Market volatility is a concern for many. Although the dips are being blamed on the impact of tariffs, it is more likely a realignment due to overvaluation. In January 2025 the S&P 500 had a price-to-earnings ratio of 28, compared to a level of 8 in the Reagan era. Currently, only 10 stocks make up one-third of the S&P 500’s value. The last time tariffs were used by this administration, there was also market volatility. However, from 2017 to 2021 the market climbed 25% while inflation stayed low. 

TRADE SMART – PRIORITIZING AMERICA

According to tradingeconomics.com, in 2024 the top U.S. import partners were Mexico ($510 billion), China ($463 billion), and Canada ($421 billion). Those same countries also led in purchasing U.S exports. Canada led in exports ($348 billion) with Mexico not far behind ($334 billion). The U.S. only exported $144 billion in goods to China. Total U.S. exports to each country were significantly less than our imports.

As noted above in the graph of Exports as a Percentage of GDP from 1980 to 2023 from the World Bank, the U.S. averages approximately 11% of GDP in exports, whereas our other major trading countries export at a rate of 20%-135% of GDP. The United States clearly has leverage to push for fairer trade terms without crippling our economy.

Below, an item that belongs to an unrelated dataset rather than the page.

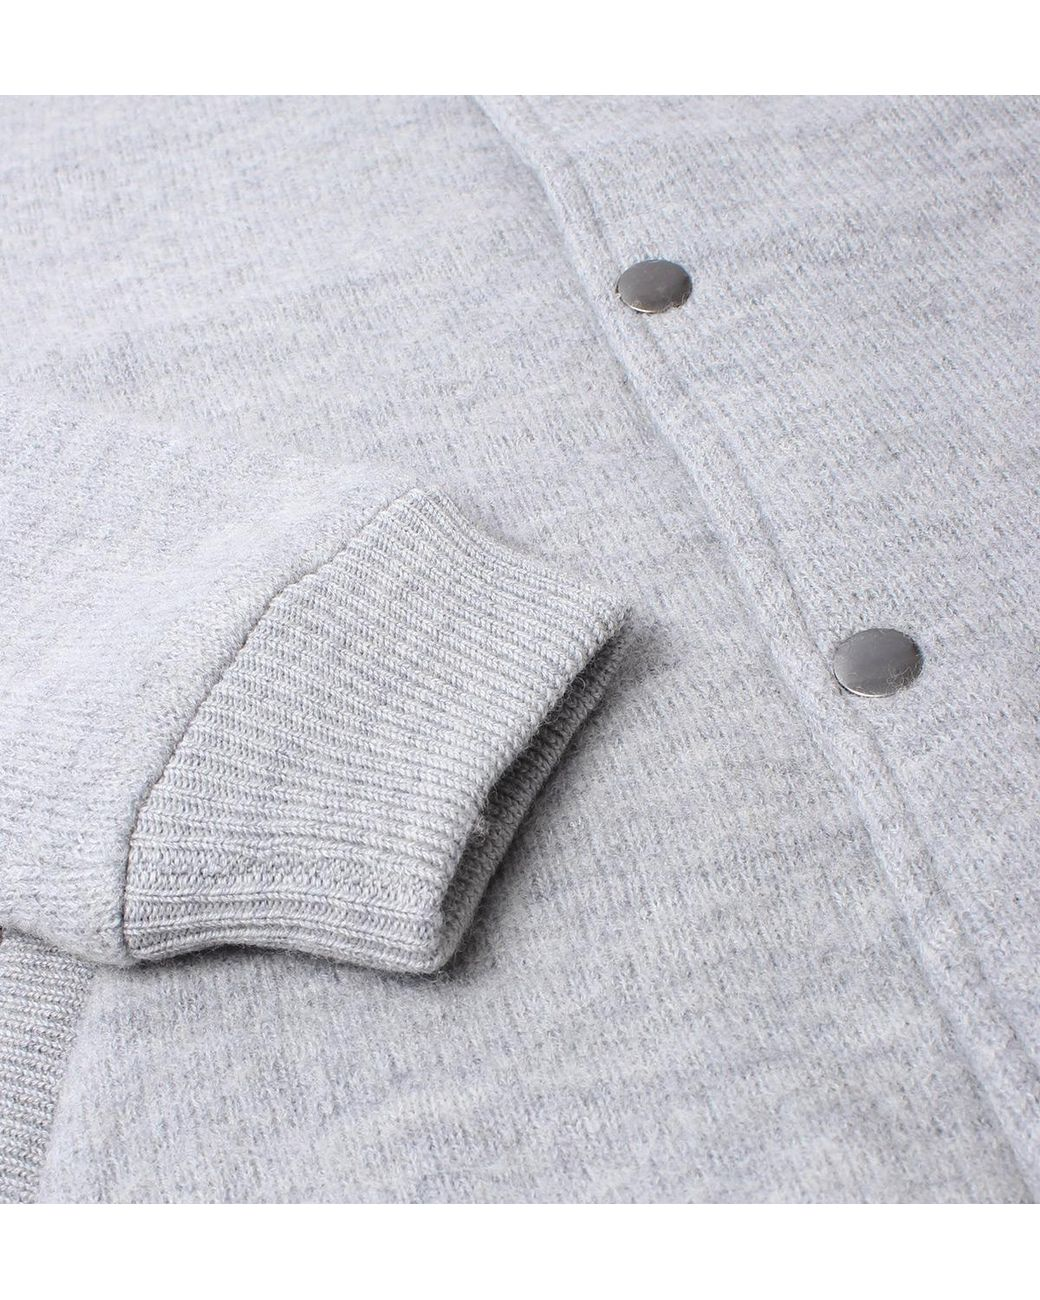 Knitted Grey Jacket Lyst Bomber Farah In Gray Macauley Men For USMVzGLqp

Changes to federal policies already seem to be revitalizing American’s industrial base with construction of new auto and semiconductor plants recently being announced in the United States. Tariffs seem to be helping to shift production to America, which strengthens our economic and national security.

Bottom line…

Tariffs are more than taxes. They are tools to rebalance global trade which has been manipulated by our trade partners. They protect American jobs, counter globalization’s excesses, and rebuild our industrial might. But, they must be used properly. Pairing tariffs with deeper tax cuts and aggressive deregulation can ignite the U.S. economy and spur investment. Using tariffs to negotiate lower foreign trade barriers will open markets for American exporters.

Tariffs are a bold step toward a stronger, self-reliant America. Yes, there might be some short-term pain, but as Reagan showed, tough choices today can unlock prosperity tomorrow. Let’s stay the course and build an economy that puts America first!

As the Constitutional Convention ended in 1787, Benjamin Franklin was asked if the delegates produced a monarchy or a republic. Franklin replied, “a republic, if you can keep it.”